The following month, four nurses who cared for Jones filed a discrimination suit with the Pierce County Superior Court against Western and the Department of Social and Health Services, citing harassment based on their gender, retaliation and management’s failure to provide reasonable accommodations.
On Friday, after a six-week-long trial, a jury ruled in favor of the four nurses; three have since left the hospital, and one still works at Western State.
The nurses’ attorney, James Beck, says the case is about DSHS’s failure to protect its employees.

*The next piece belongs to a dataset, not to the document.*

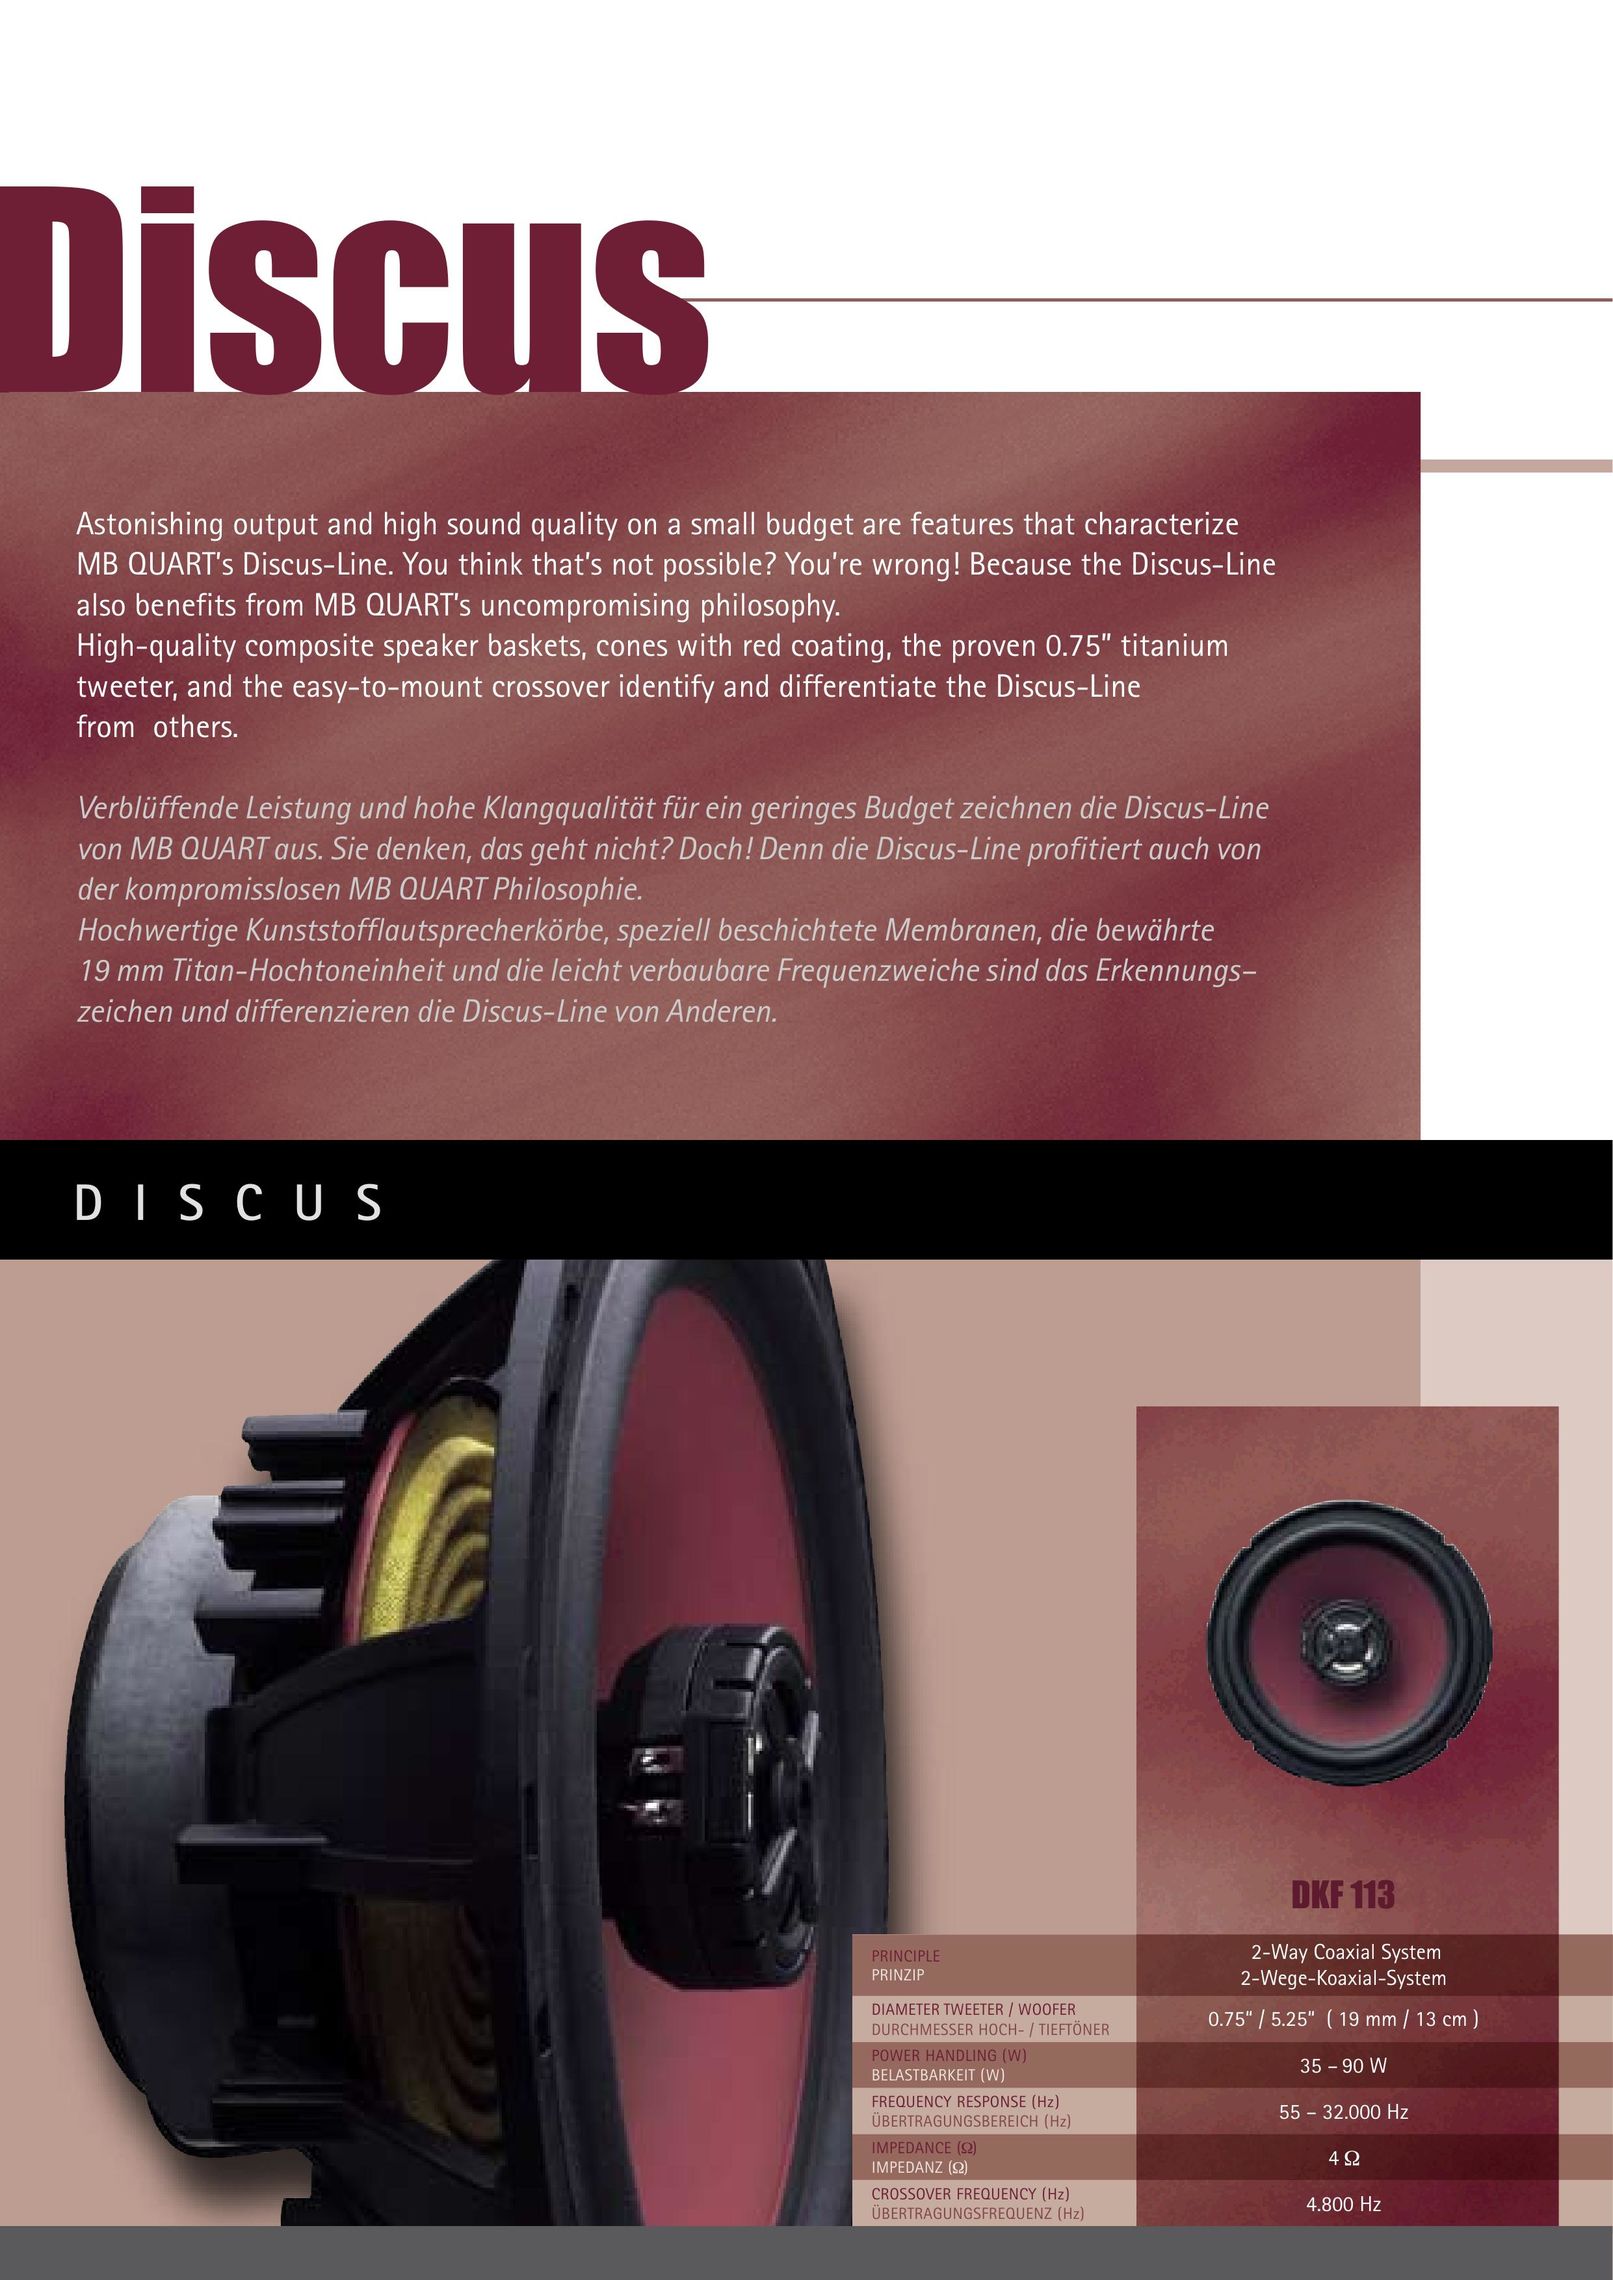 MB QUART DKF 116 Car Speaker User Manual
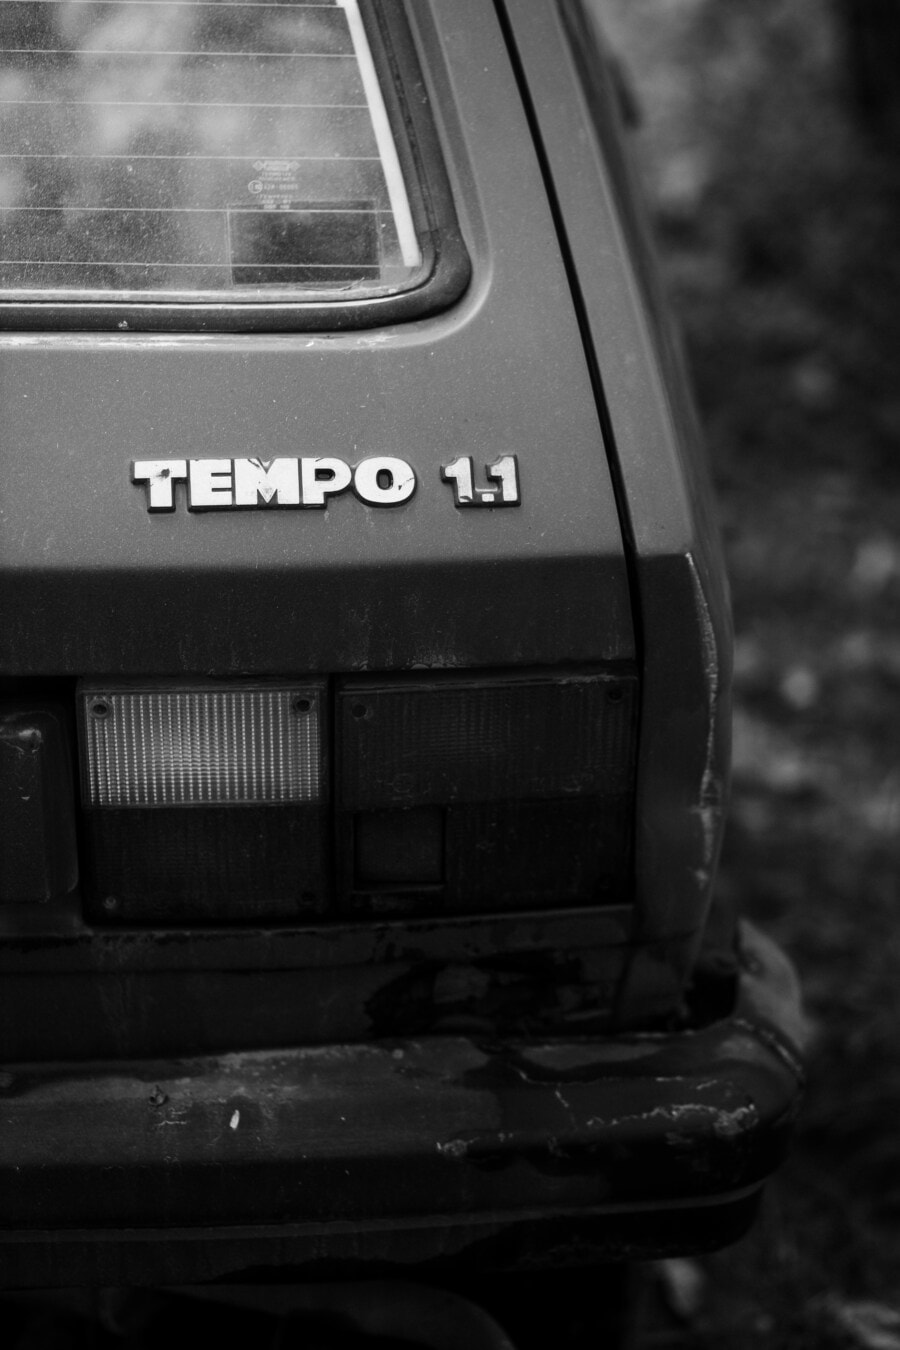 Zastava Yugo Tempo 1.1, รถ, เก่า, ยูโกสลาเวีย, กันชน, ขาวดำ, ย้อนยุค, ยานพาหนะ, คลาสสิก, ถูกทอดทิ้ง, สีดำและสีขาว

“What DSHS is representing to the state Legislature annually through workplace safety plans that are required, versus what is actually occurring with respect to investigations and mitigation of assaultive issues, is in complete contradiction to each other,” said Beck.
A spokesperson for Western State and DSHS stated the agency is reviewing the matter and considering an appeal of the verdict, but did not provide further comment.
On a brisk spring morning in April, staff came together for a workers memorial day on the hospital grounds in Lakewood. Over 300 white signs dotted the grass, each an instance of an employee injured on the job over the past year.
Hospital managers were there as workers shared their worries.
“At the end of the day, this is still really about again serving our patients, serving really the most vulnerable citizens of our state,” said Mike Yestramski, a social worker at Western and the union president.
“We’re all raising the alarms around this, because it matters, because we care. When we are provided with the resources that we need to do our jobs… we’ve had some amazing outcomes.”